Online and Blended Learning Helps Struggling Students, Survey Says


The fourth annual research survey of school and district leaders across the US has revealed some key findings on the implementation of online and blended learning in K-12 schools.

The survey was conducted in Spring 2015 by education consultancy Fuel Education and marketing research company MDR EdNET Insight. Their primary goal was to examine the best practices in establishing and running online and hybrid programs across the country. School principals, district leaders, curriculum and instructional coordinators, superintendents and other related professionals took part.

As Nicole Gorman of Education World writes, 79 percent of all 81 educators interviewed admitted the leading reason why the started implementing online and blended learning into their schedules was to help students who have difficulties in a traditional learning atmosphere.

The next most popular factors for implementing alternative learning methods were giving access to courses not available in other forms, more flexibility for students, and granting individual learning experience. Other factors that motivated teachers and districts to ensure students access to alternative methods of learning were to motivate them stay at school/district and to improve their GPA.

Blended learning was shown to be twice as popular as online learning options. 63 percent of the respondents were using a blended learning alternative while 37 percent opted for fully online learning models. The survey also found out that most districts offered some type of blended learning versus online program option. 94 percent of school principals said they offered online courses while 29 percent said they had a full-time online program available.

Nine out of 10 districts (92 percent) finance their online and blended programs through their own budget, writes Dian Schaffhauser of The Journal.  Only 24 percent receive some state funding. 21 percent of districts are eligible for federal formula funding such as Title I. Community financing, federal grants, and tuition were alternative sources of money.

According to the respondents, the main reasons for the success in implementing an alternative learning method were to offer a “rigorous and engaging curriculum” (91 percent); adequate reporting tools and tracking student progress (89 percent); baseline and on-going assessments for monitoring student progress and well-trained instructors (tied at 88 percent); setting clear expectations for student responsibilities in taking online courses (87 percent); and timely teacher intervention when students are struggling (86 percent).

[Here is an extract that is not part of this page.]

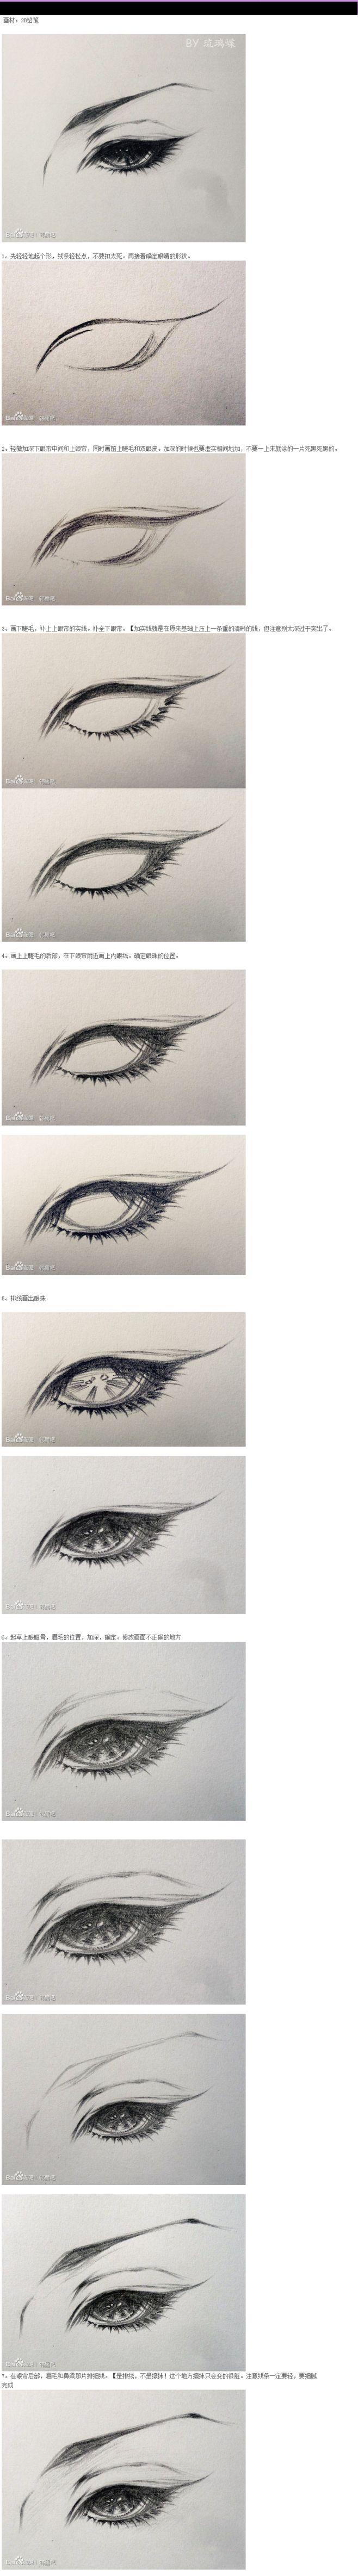 【教程】画眼睛的教程和一些关于线条的技法…

MDR and Fuel Education worked together for a fourth year in a row to provide up-to-date information about the online and hybrid programs implemented in K-12 schools in the USA. MDR’s EdNet Insight specializes in K-12 information and consulting services. It delivers comprehensive opinions on the education market of today and of the future.

Fuel Education helps schools personalize and transform the traditional education in and outside the classroom. It offers solutions for pre-K through 12th grade to assist schools in implementing online and blended learning programs. So far, Fuel Education has worked with over 2,000 schools to help them offer innovative learning options and to improve their students academic results.